Diğer taraftan, 6102 sayılı Türk Ticaret Kanunu’nun 19/2. maddesi uyarınca, taraflardan biri için ticari iş sayılan bir işin diğeri için de ticari iş sayılması, davanın niteliğini ticari hale getirmeyecektir. Zira; Türk Ticaret Kanunu, kanun gereği ticari dava sayılan davalar haricinde, ticari davayı ticari iş esasına göre değil, ticari işletme esasına göre belirlemiştir. Hâl böyle olunca, işin ticari nitelikte olması davayı ticari dava haline getirmez.
6335 sayılı Kanun’un 2. maddesi ile değişik 6102 sayılı Türk Ticaret Kanunu’nun 5. maddesi uyarınca ticari davalar asliye ticaret mahkemelerince görülerek karara bağlanır.
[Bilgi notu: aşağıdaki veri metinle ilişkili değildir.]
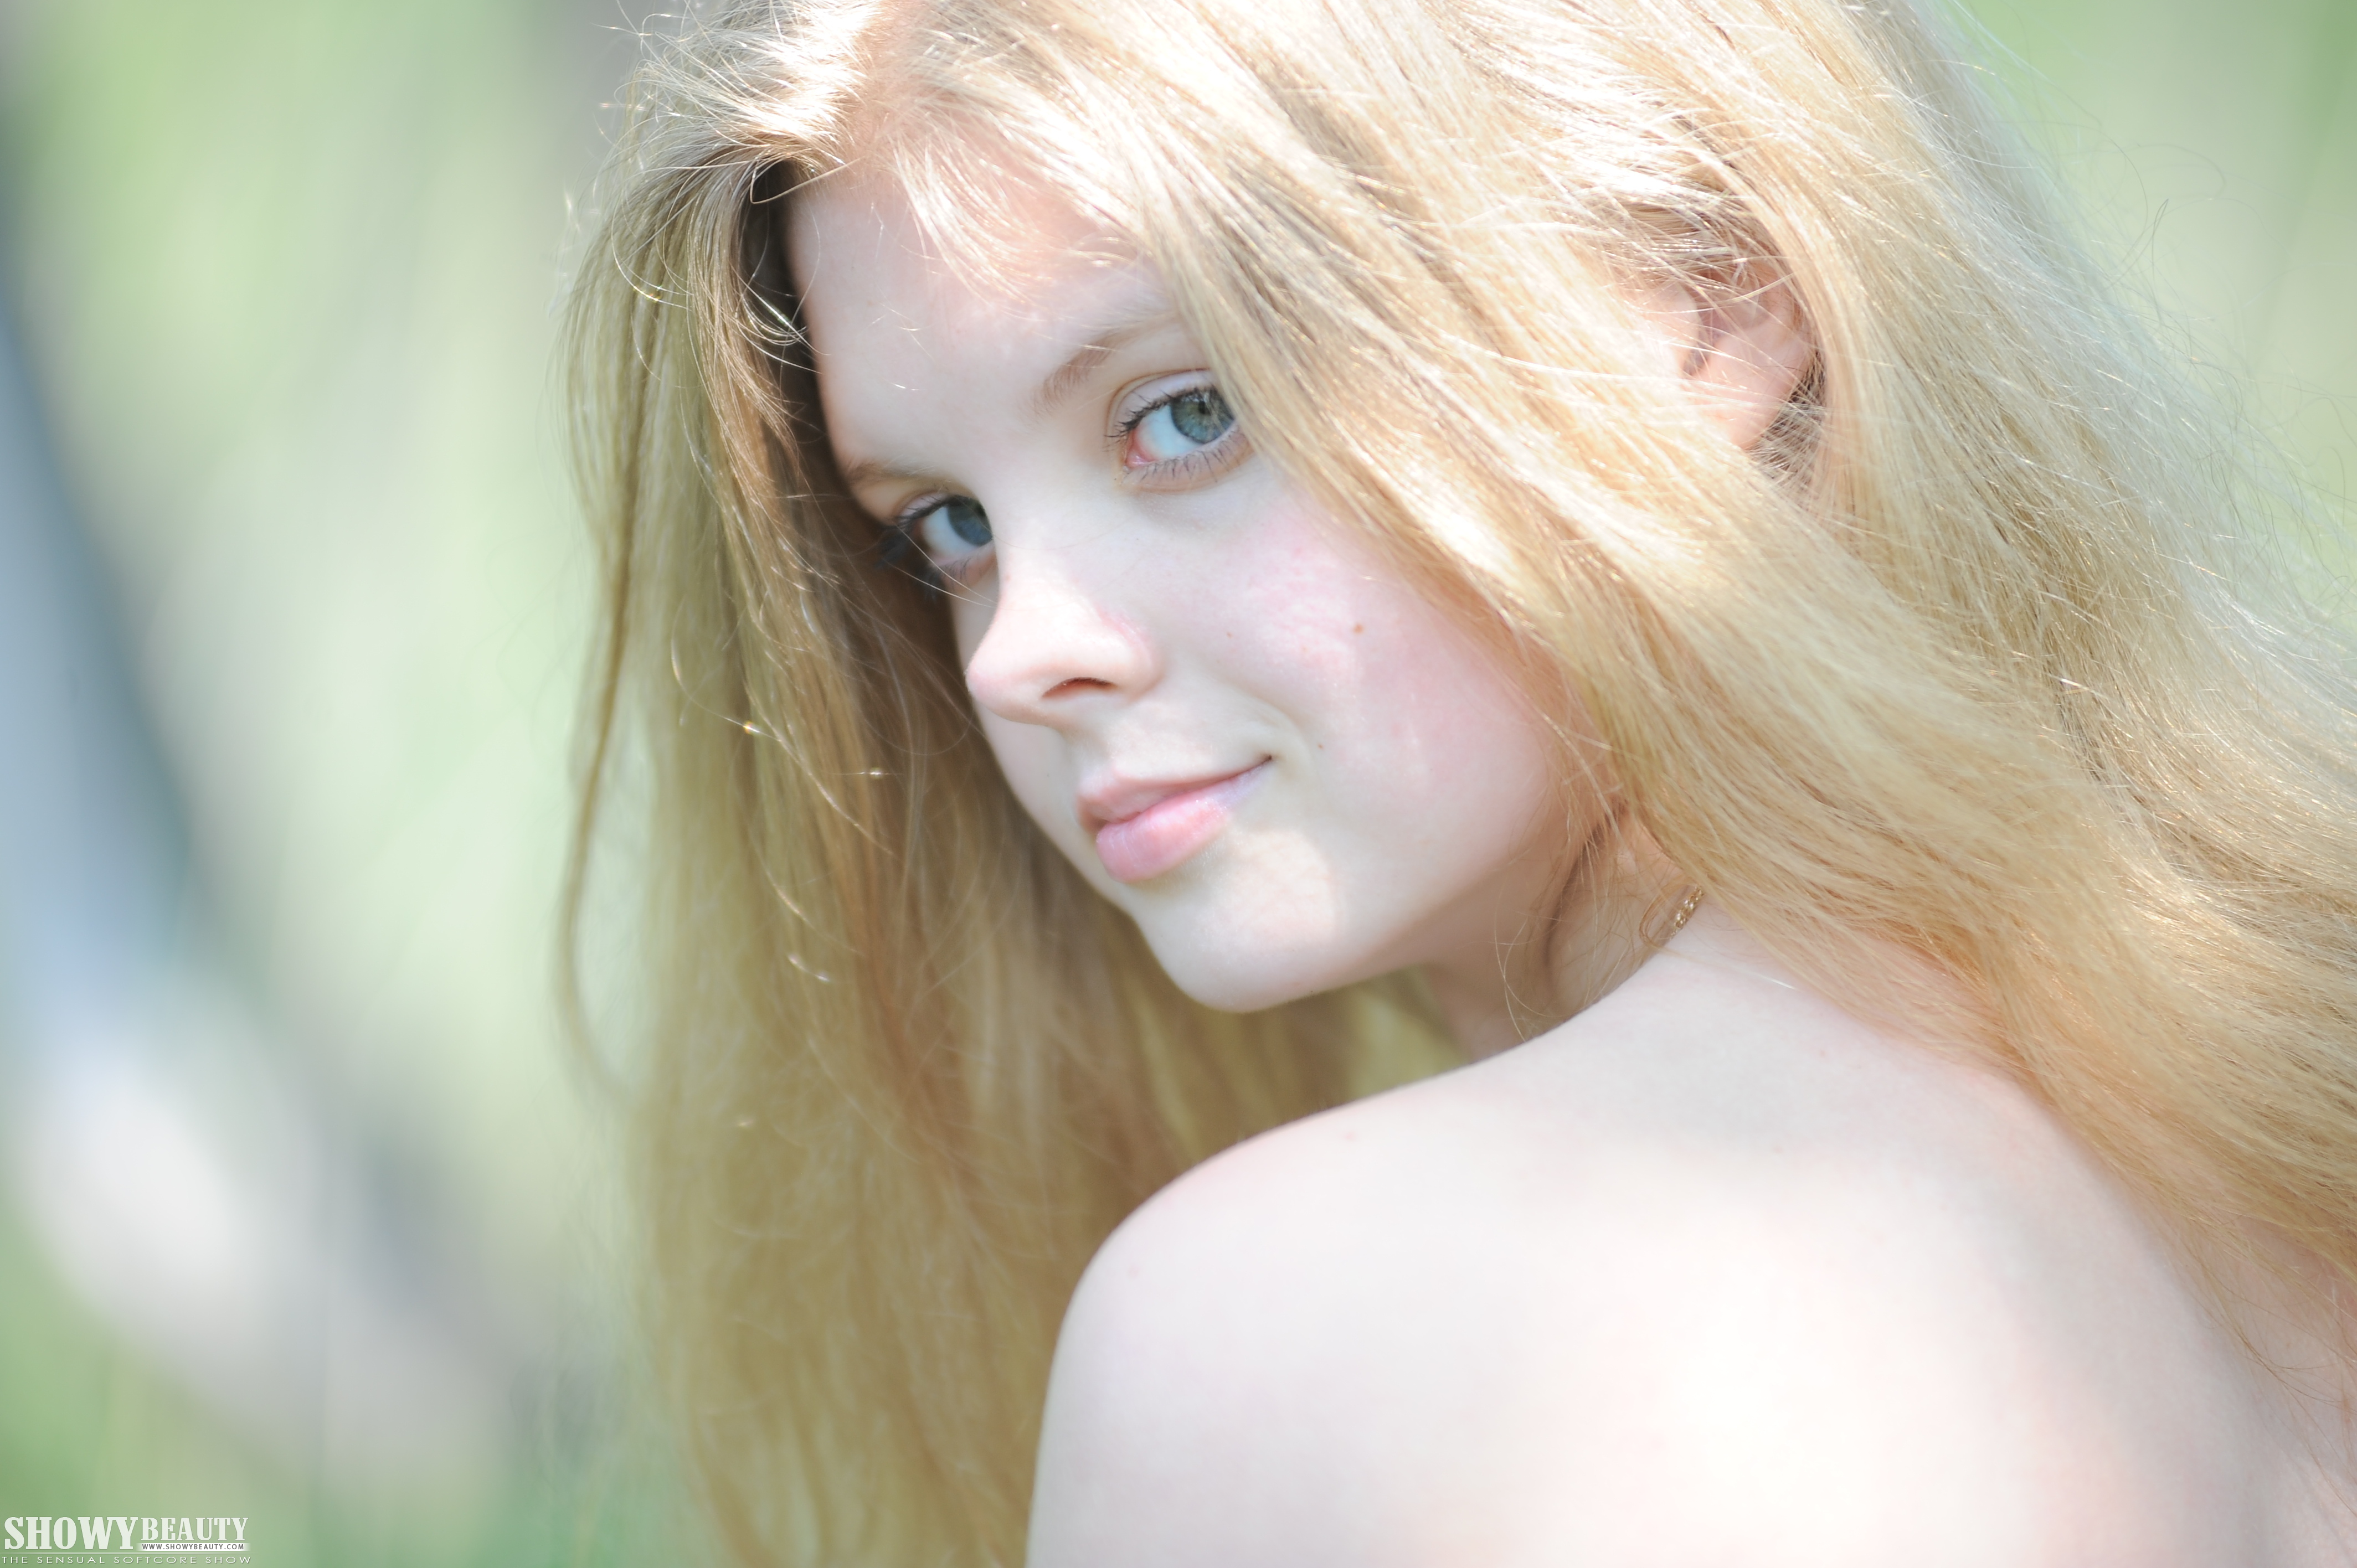 People 4256x2832 Kisa A Showy Beauty nude closeup blonde watermarked Russian Russian women

Diğer taraftan aynı düzenleme gereğince, asliye ticaret mahkemeleri ile diğer hukuk mahkemeleri arasındaki ilişki, 6762 sayılı Türk Ticaret Kanunu’ndan ve 6102 sayılı Türk Ticaret Kanunu’nun 6335 sayılı Kanun’la yapılan değişiklikten önceki halinden farklı olarak iş bölümü ilişkisi değil, görev ilişkisidir. Göreve ilişkin düzenlemeler, 6100 sayılı Hukuk Muhakemeleri Kanunu’nun 1. maddesi uyarınca kamu düzenine ilişkin olduğundan mahkemelerce re’sen incelenir.
5362 sayılı Esnaf ve Sanatkarlar Meslek Kuruluşları Kanununun 3’üncü maddesinde, Esnaf ve sanatkâr, ister gezici ister sabit bir mekânda bulunsun, Esnaf ve Sanatkâr ile Tacir ve Sanayiciyi Belirleme Koordinasyon Kurulunca belirlenen esnaf ve sanatkâr meslek kollarına dahil olup, ekonomik faaliyetini sermayesi ile birlikte bedenî çalışmasına dayandıran ve kazancı tacir veya sanayici niteliğini kazandırmayacak miktarda olan, basit usûlde vergilendirilenler ve işletme hesabı esasına göre deftere tâbi olanlar ile vergiden muaf bulunan meslek ve sanat sahibi kimseler olarak ifade edilmiştir. Ayrıca TTK’nın 1463. maddesinde de, önce 17. maddeye gönderme yapılarak, Bakanlar Kurulunun bu konuda kararname çıkarması halinde onlarda gösterilen miktardan aşağı gayrisafi geliri bulunan sanat ve ticaret erbabından başka hiç kimse kanunun 17. maddesinde tarif edilen esnaftan sayılamaz denmek suretiyle tacir veya esnafın hangi kriterlere göre saptanacağı açık bir biçimde gösterilmiştir.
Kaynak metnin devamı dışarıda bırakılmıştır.